In the United States, two COVID-19 vaccines received emergency-use approval by the federal Food and Drug Administration in early December and a third one recently received this approval from the FDA.
ABC News reported that to date, 30 million Americans have received a COVID-19 vaccine and said that March 9, the U.S "hit a new daily record for vaccinations with 2.9 million shots in arms in just one day."
As a result of more people being vaccinated and COVID-19 cases declining, many states are loosening some pandemic restrictions -- though cautioning people to still take precautions and continue to use face masks, social distance and regularly wash their hands, because the country is not out of the woods yet. Catholic leaders also have reiterated the need to continue to take these precautions.
"There is so much to learn from this global suffering," the Administrative Committee said in its pastoral message. "We must build on the kindness and openness that we have witnessed on the local level by creating more social structures that not only heal the fractures and isolation felt by so many during this pandemic but will prevent such divisions from occurring again.

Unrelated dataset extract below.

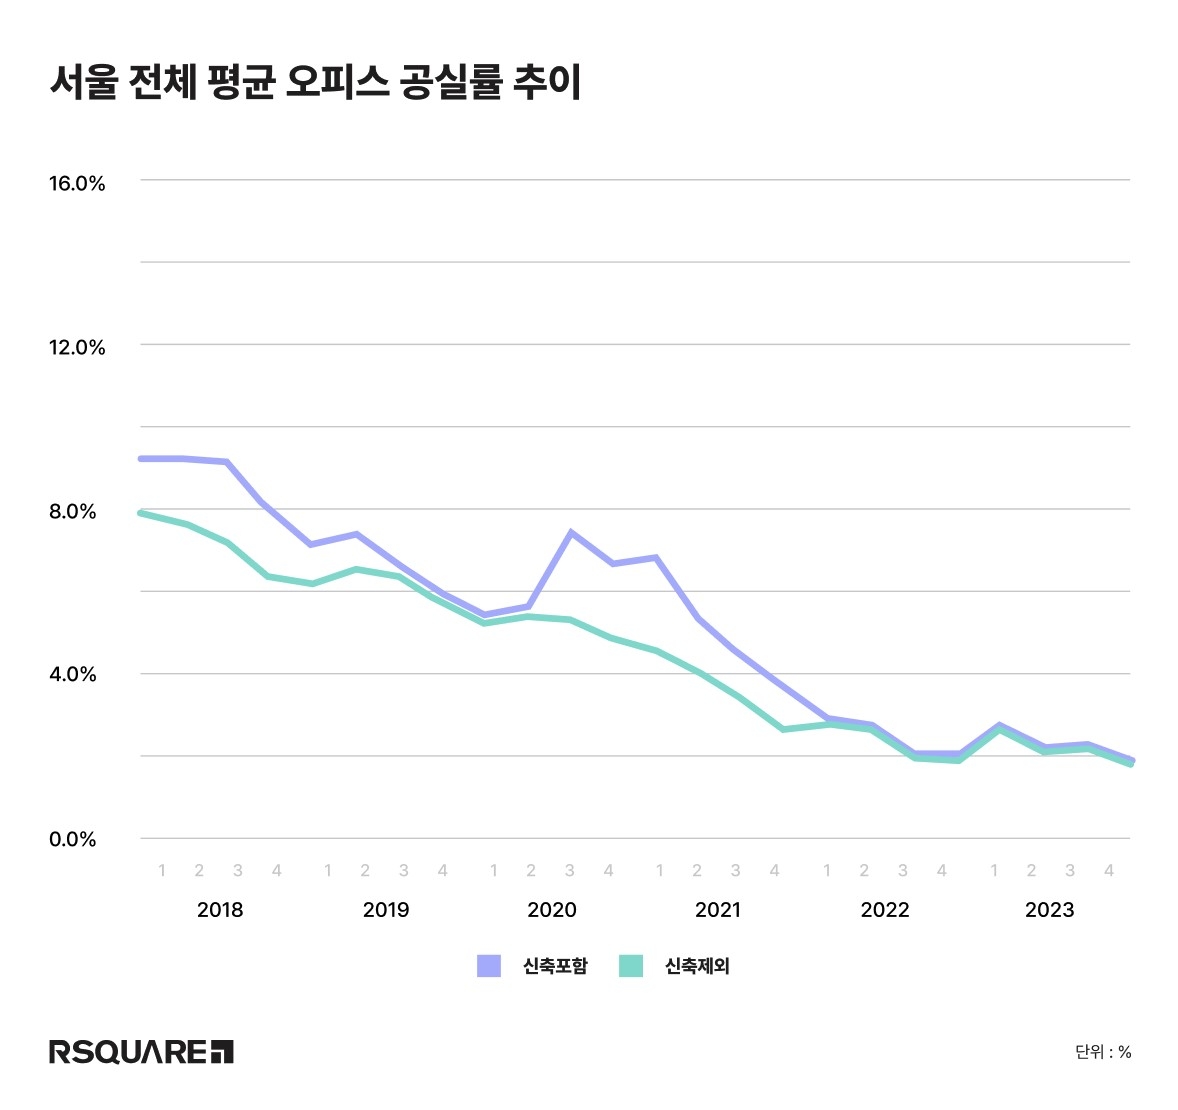 작년 4분기 서울·분당 주요 오피스 공실률 1.8%로 하락

"As Pope Francis has implored, 'Let us dream, then, as a single human family,' to a horizon where we are more caring of one another. Let us keep this sense alive and continue the work of promoting the common good."
The Administrative Committee members said that "renewed by this season of Lent, we ... place our confidence in the Lord, who suffered, was crucified and is resurrected."
"We join our brother bishops in urging everyone to continue to keep God's love alive in their hearts and in their families and communities," they said. "And we look forward to welcoming the Catholic faithful back when we all may safely participate physically in the eucharistic celebration of the Mass and gather once more in our parishes."